[Stored dataset items]
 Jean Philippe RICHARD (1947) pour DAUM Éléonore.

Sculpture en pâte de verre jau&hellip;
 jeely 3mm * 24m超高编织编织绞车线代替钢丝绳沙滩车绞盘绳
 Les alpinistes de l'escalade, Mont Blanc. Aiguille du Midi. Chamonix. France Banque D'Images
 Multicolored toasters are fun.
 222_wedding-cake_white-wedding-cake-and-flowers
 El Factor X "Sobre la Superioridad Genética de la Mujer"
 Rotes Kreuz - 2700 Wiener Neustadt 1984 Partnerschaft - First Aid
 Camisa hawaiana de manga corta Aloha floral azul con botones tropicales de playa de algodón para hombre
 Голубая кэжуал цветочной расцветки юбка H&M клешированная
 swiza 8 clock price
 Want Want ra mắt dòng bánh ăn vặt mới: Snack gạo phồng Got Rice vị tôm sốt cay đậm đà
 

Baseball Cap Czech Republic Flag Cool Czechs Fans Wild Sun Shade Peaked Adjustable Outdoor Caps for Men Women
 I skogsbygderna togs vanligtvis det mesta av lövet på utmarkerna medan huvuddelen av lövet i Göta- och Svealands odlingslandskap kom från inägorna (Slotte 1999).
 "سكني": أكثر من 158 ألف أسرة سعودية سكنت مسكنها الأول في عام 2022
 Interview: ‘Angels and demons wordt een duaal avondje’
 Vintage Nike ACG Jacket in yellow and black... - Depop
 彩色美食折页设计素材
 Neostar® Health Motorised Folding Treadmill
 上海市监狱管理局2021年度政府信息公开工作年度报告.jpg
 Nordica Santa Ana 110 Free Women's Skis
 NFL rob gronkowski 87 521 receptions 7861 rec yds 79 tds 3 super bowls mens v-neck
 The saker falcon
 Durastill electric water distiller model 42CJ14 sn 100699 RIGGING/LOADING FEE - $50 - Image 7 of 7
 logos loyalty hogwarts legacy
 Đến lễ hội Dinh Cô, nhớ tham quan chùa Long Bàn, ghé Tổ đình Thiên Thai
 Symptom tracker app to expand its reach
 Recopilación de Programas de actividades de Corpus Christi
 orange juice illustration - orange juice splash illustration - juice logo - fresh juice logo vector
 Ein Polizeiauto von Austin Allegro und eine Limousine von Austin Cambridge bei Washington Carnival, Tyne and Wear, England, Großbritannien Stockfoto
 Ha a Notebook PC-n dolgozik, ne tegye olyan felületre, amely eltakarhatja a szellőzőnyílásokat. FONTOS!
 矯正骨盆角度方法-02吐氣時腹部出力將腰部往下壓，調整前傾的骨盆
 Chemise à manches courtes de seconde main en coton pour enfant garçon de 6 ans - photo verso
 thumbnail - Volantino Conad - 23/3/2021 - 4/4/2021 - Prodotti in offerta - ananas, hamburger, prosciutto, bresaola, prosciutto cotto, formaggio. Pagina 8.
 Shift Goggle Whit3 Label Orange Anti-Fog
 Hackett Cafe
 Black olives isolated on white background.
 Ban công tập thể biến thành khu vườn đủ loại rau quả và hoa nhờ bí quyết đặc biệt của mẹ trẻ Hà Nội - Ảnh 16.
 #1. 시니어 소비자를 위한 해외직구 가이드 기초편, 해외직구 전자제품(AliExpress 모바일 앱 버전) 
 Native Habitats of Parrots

• Problem description: For each line in the records that holds "Women", show that line as it stands.

• Answer for this exercise:
Baseball Cap Czech Republic Flag Cool Czechs Fans Wild Sun Shade Peaked Adjustable Outdoor Caps for Men Women
 Nordica Santa Ana 110 Free Women's Skis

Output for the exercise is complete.